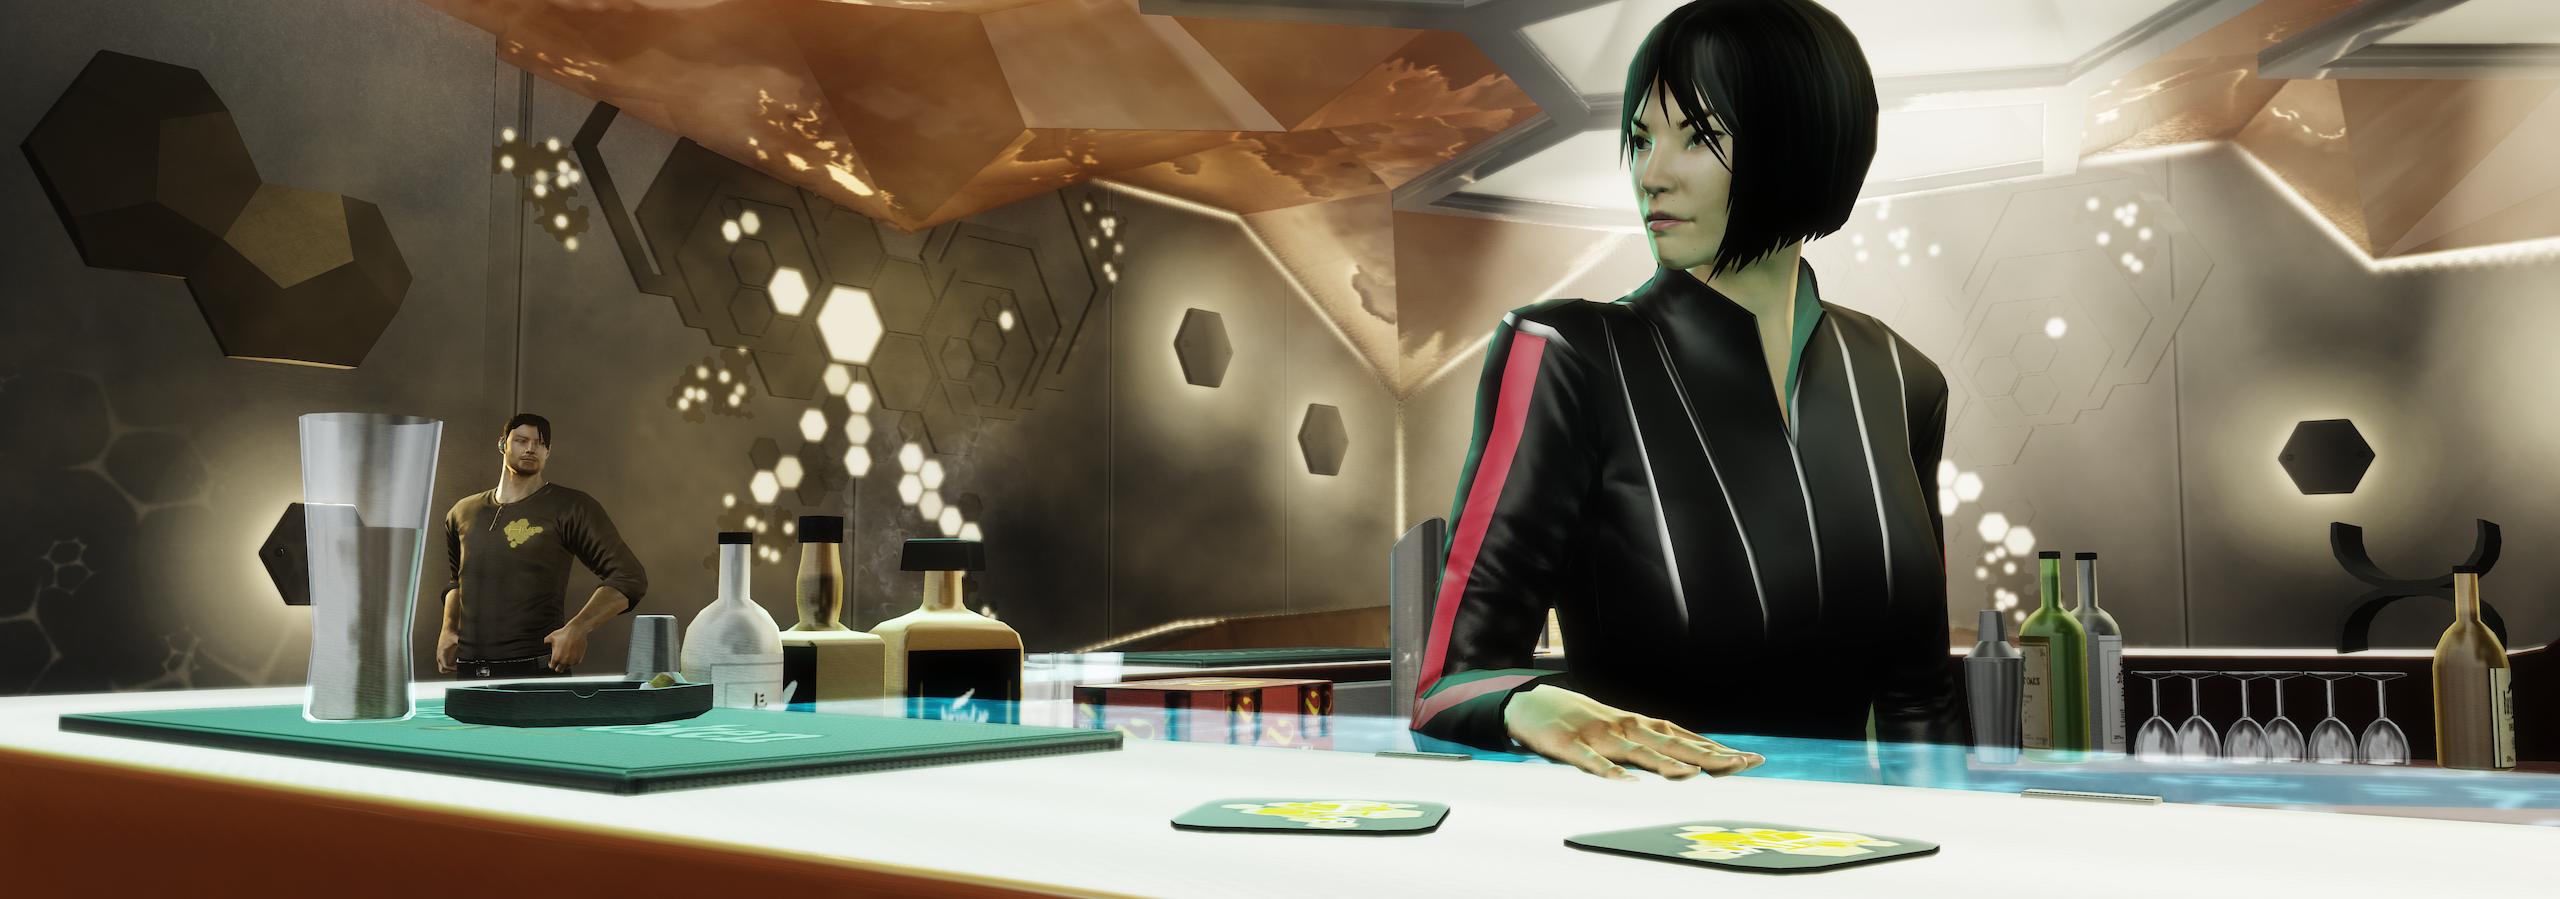 glasshouse.png - Deus Ex: Human Revolution
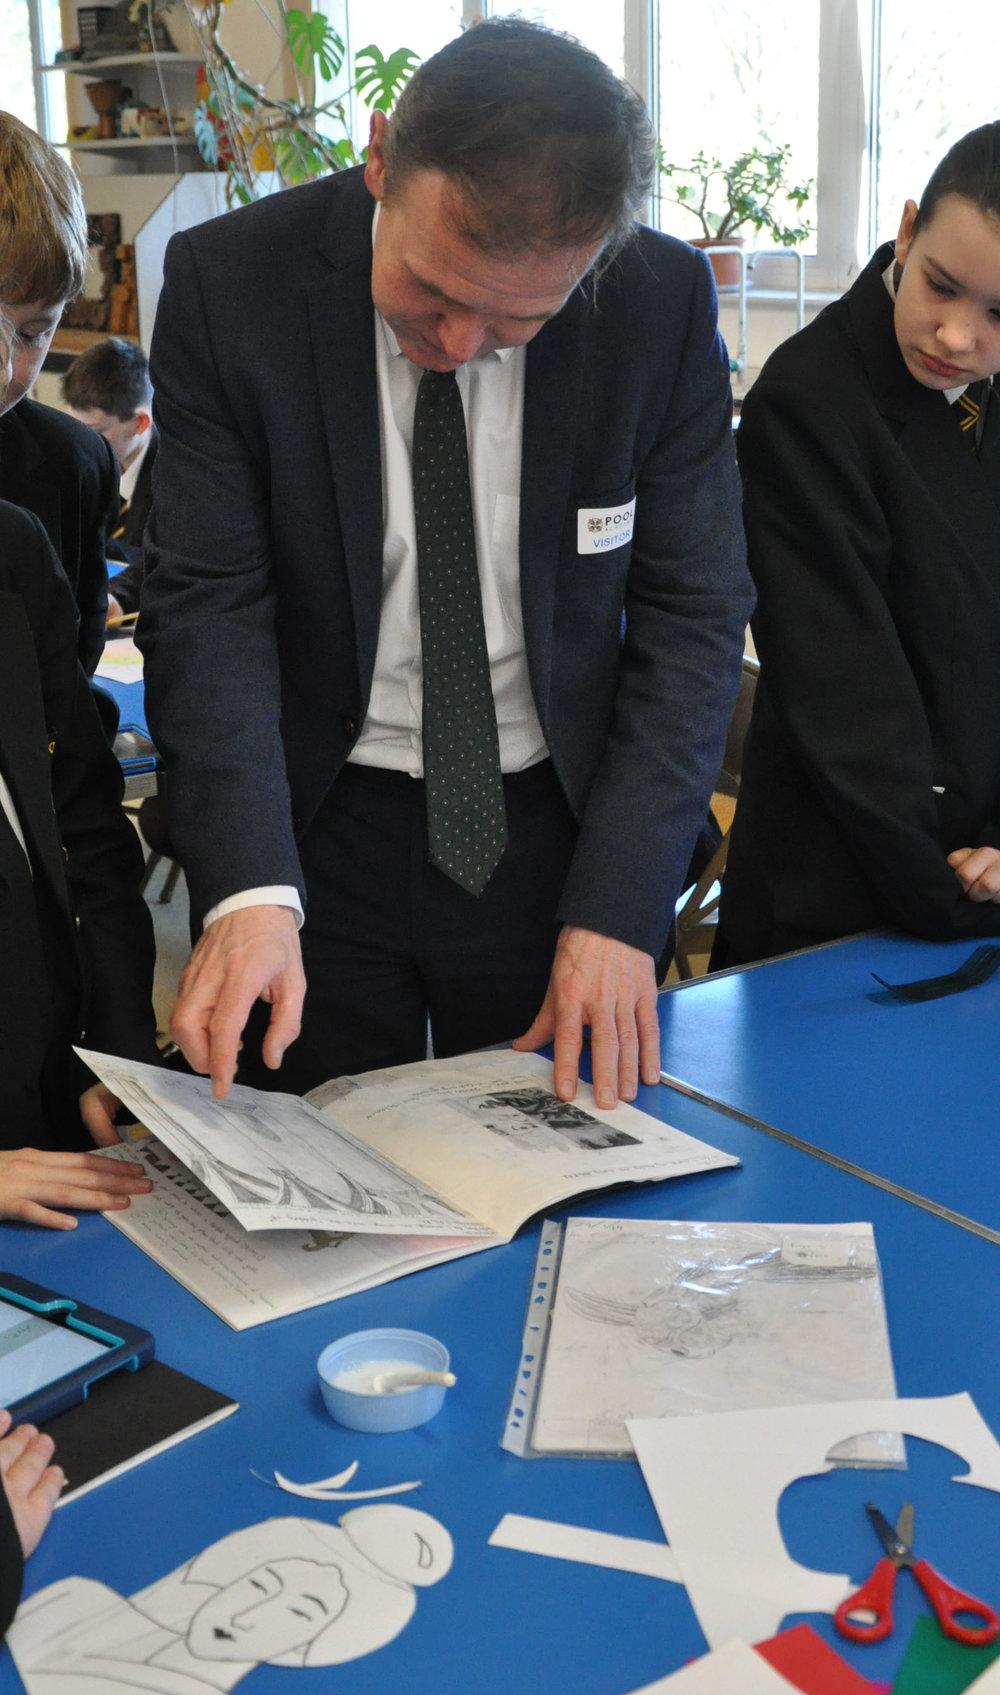 Mr Eustice looking through student's art work.
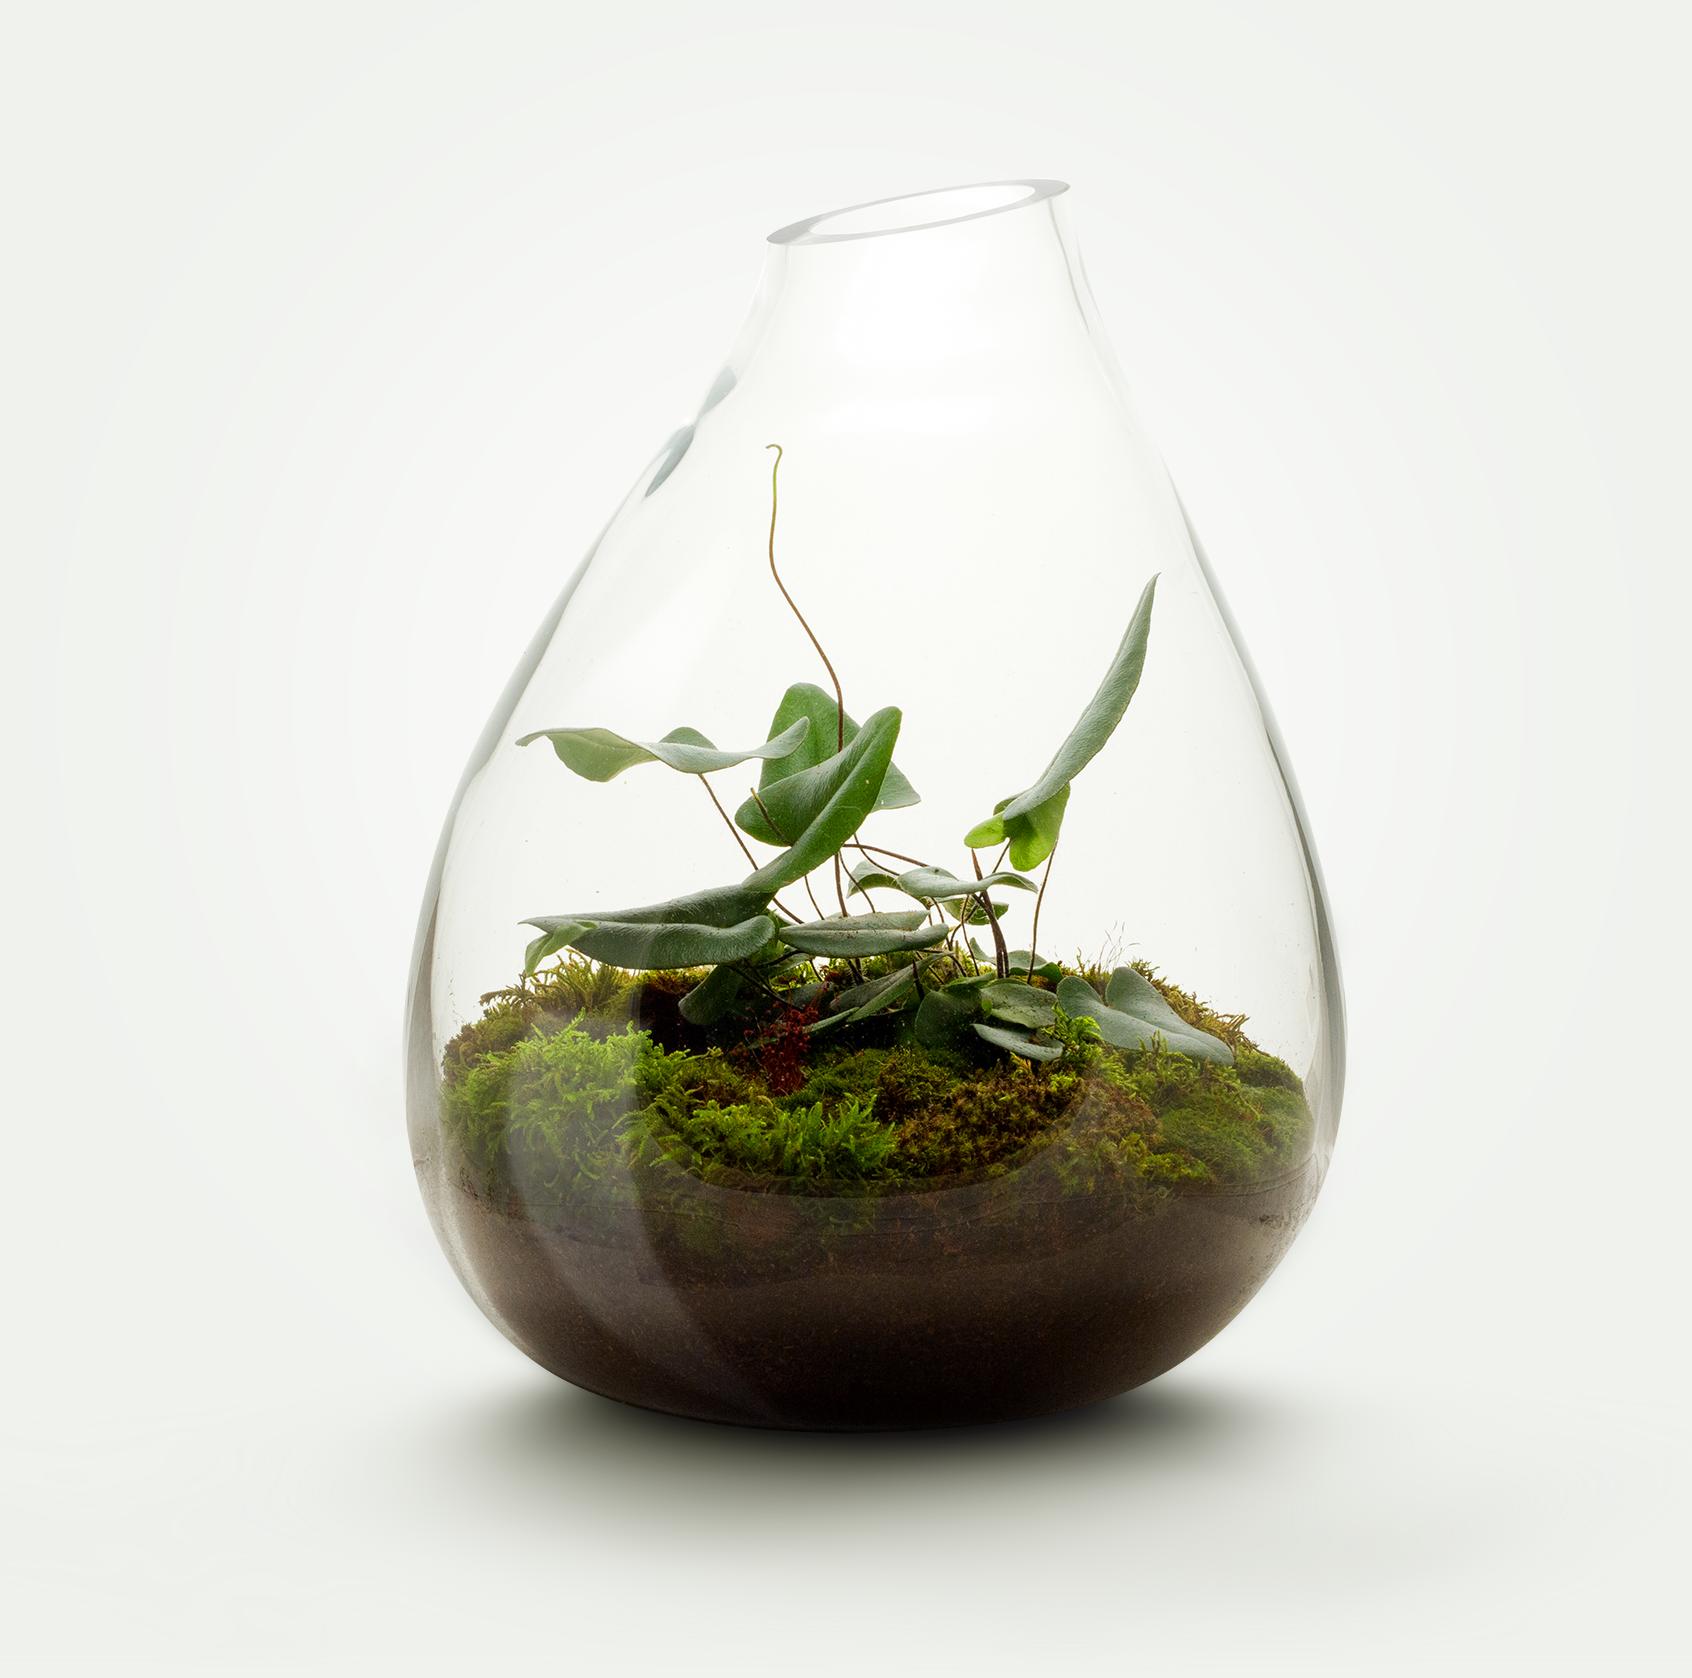 MIŠKO SAMANA + Heart Fern - Įeinantys augalai:  Miško samana, Hemionitis Arifolia

- What you have to do:
What you return should be the exact lines from the one containing "Mr Eustice looking" through the end of the listing above, both included, minus any pictures.

- Your response:
 Mr Eustice looking through student's art work.
 MIŠKO SAMANA + Heart Fern - Įeinantys augalai:  Miško samana, Hemionitis Arifolia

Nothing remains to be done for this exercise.